This third America’s Rural Opportunity panel will focus on rural innovators who steward the nations’ natural resources and use those resources to create jobs and businesses. The presenters are among those who are restructuring the natural resource business sector, one that in many parts of the country has been disrupted by globalization, the declines of extractive industries, and changes in environmental policy.
These innovators are rethinking and rebuilding rural economies around principles of sustainability. In the process they are building more self-reliant rural communities in regions as diverse as the southern Black Belt and the Pacific Northwest, learning to act regionally for local benefit, effectively using the skills and experience of the rural workforce, and building more inclusive and just rural places.
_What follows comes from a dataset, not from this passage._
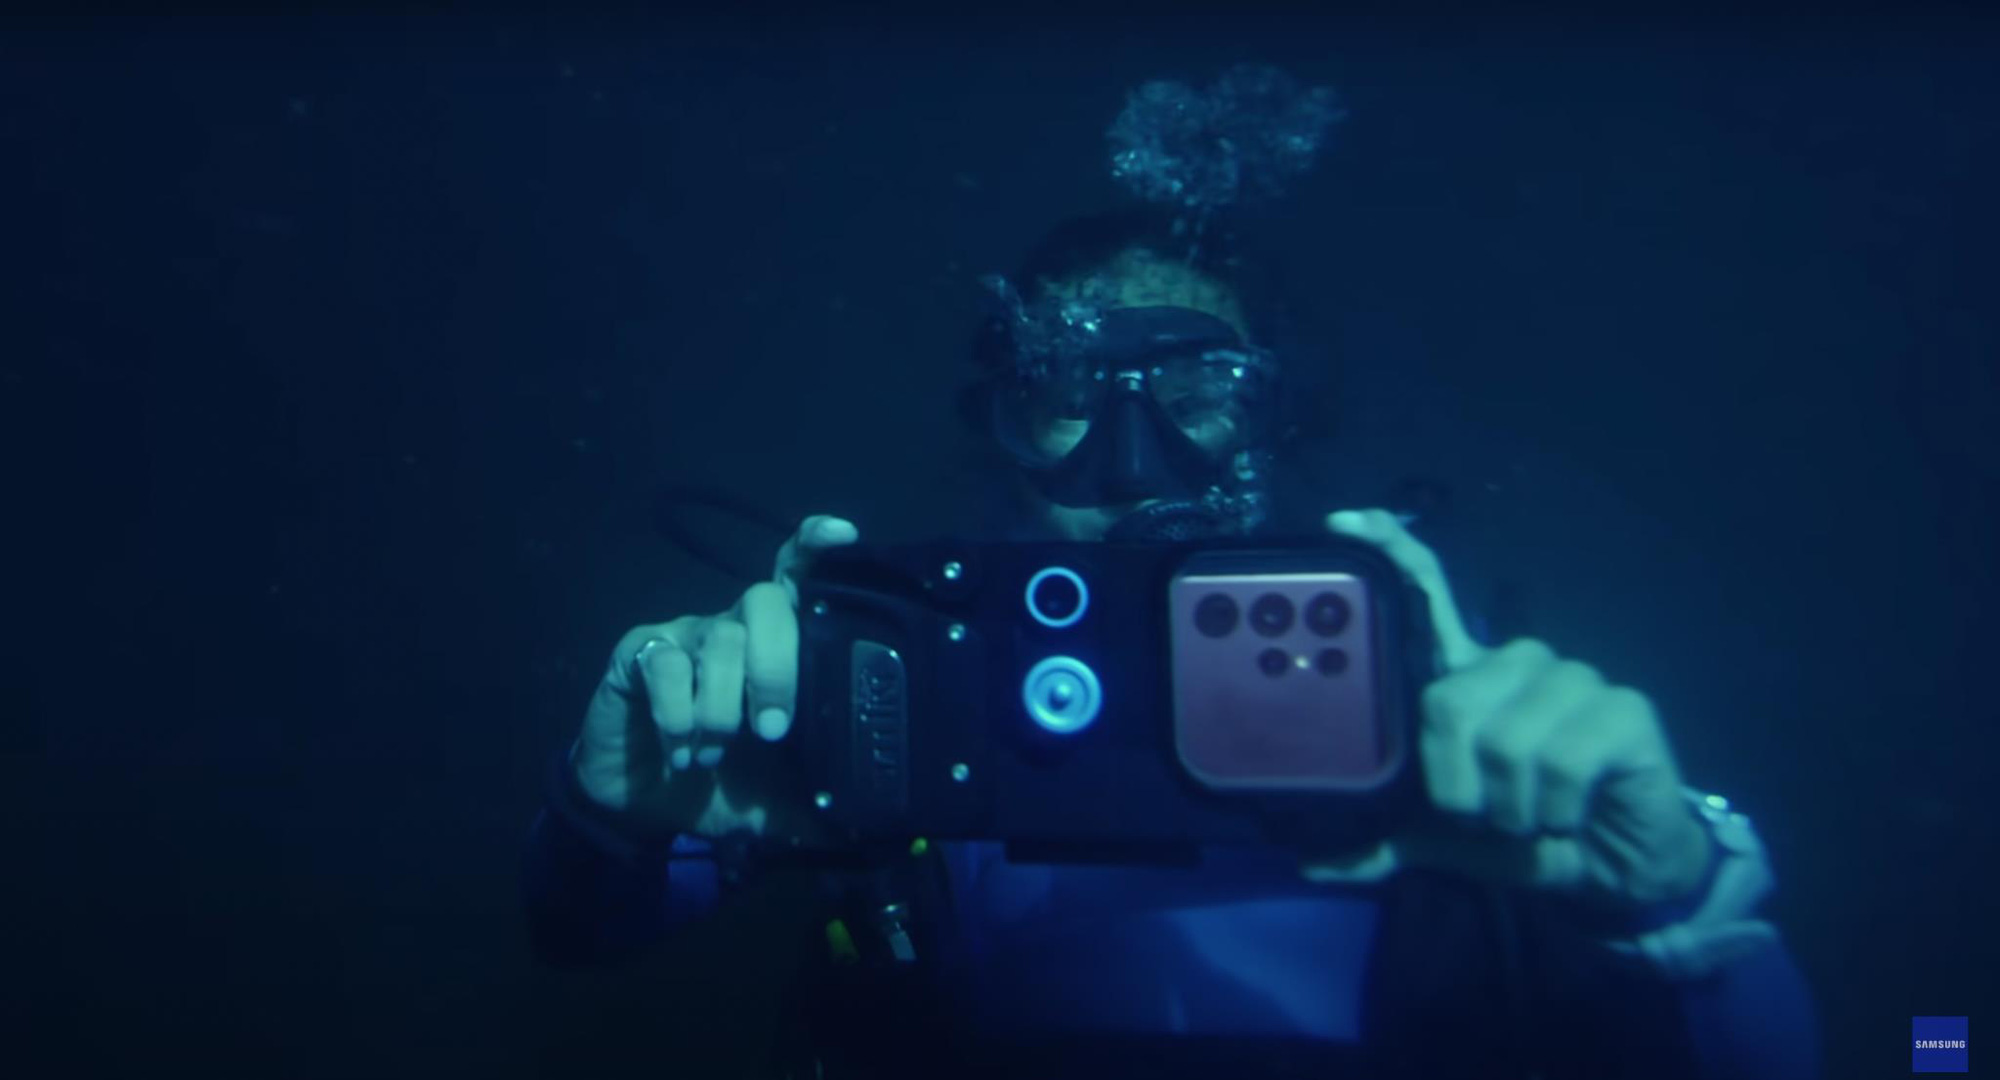 Đi tìm cảm hứng dưới đáy đại dương với camera Nightography - Ảnh 3.

African-American Land Retention and Forestry Support Organization
Center for Heirs’ Property Preservation, Charleston, SC
Dr. Jennie Stephens, Executive Director, Center for Heirs’ Property Preservation, Charleston, SC
Yvonne Knight-Carter, Co-Owner, Broadaxe Branch Partners
Between the Emancipation and first years of the 20th Century, African Americans acquired an estimated 19 million acres of mostly farmland and forests in the Black Belt South. Today that land asset has diminished to an estimated 3 million acres. The Center for Heirs’ Property Preservation has worked for the past decade with African American families in coastal South Carolina to sustain land ownership by curing and preventing the vulnerabilities caused by unclear land title, a widespread circumstance in the Black Belt known as heirs’ property. In 2013, USDA and the U. S. Endowment for Forestry and Communities partnered to fund and support a regional effort to increase the profitability, asset value, and health of African American-owned forests in the Southeast. The Center for Heirs’ Property and five other trusted community-based organizations (CBOs) across the region are working with more than 600 African American families to secure clear land title and to use forestry as a way to move family land from a liability to an asset that allows and encourages continued family ownership. The Sustainable Forestry and African American Land Retention Program connects those lead CBOs to networks of forestry support from the Natural Resources Conservation Service , the USDA Forest Service, state forestry commissions, private foresters, and conservation organizations.
Balancing Conservation and Advancing Rural Economic Opportunity through Collaboration
Rural Voices for Conservation Coalition, 14 western states
Nick Goulette, Executive Director, Hayfork Watershed Research and Training Center, Trinity County, CA
Robin Boies, Vineyard Ranch, Elko County, Nevada
Rural Voices for Conservation Coalition (RVCC) promotes balanced conservation-based approaches to the ecological and economic problems facing the rural West and the nation. Through a diverse coalition of more than 80 nonprofit, government and business organizations, RVCC promotes policy solutions through collaborative, place-based work that recognizes the inextricable link between the long-term health of the land and the well-being of rural communities. This work has resulted in new success in local rural economies that were dislocated by globalization and changes in environmental and land management policy.
Local Wood, Local Good: Keeping Heating Dollars at Home in the Northern Forest
Northern Forest Center, Maine, New Hampshire, Vermont & New York
Rob Riley, President, Northern Forest Center
Tabitha Bowling, Co-Founder and CFO, Kingdom Pellets
Tabitha Bowling of East Burke, VT discovered local renewable heat when a tour of a local school included the boiler room and its four wood pellet boilers, installed with help from the Northern Forest Center. In a region adapting to major shifts in its historic forest products industries—and related community economic challenges—the potential of modern wood heat to be a new economic opportunity spoke to Tabitha’s community and business instincts, and she began to research and plan a new pellet mill for rural northeastern Vermont. The project, now known as Kingdom Pellets, will create 20 direct jobs and support local loggers, foresters, and landowners. Throughout the process, Tabitha has gotten support from the Northern Forest Center, which has invested significantly in growing the wood heat sector as an economic development strategy that puts the region’s forest assets to new use for community economic benefit.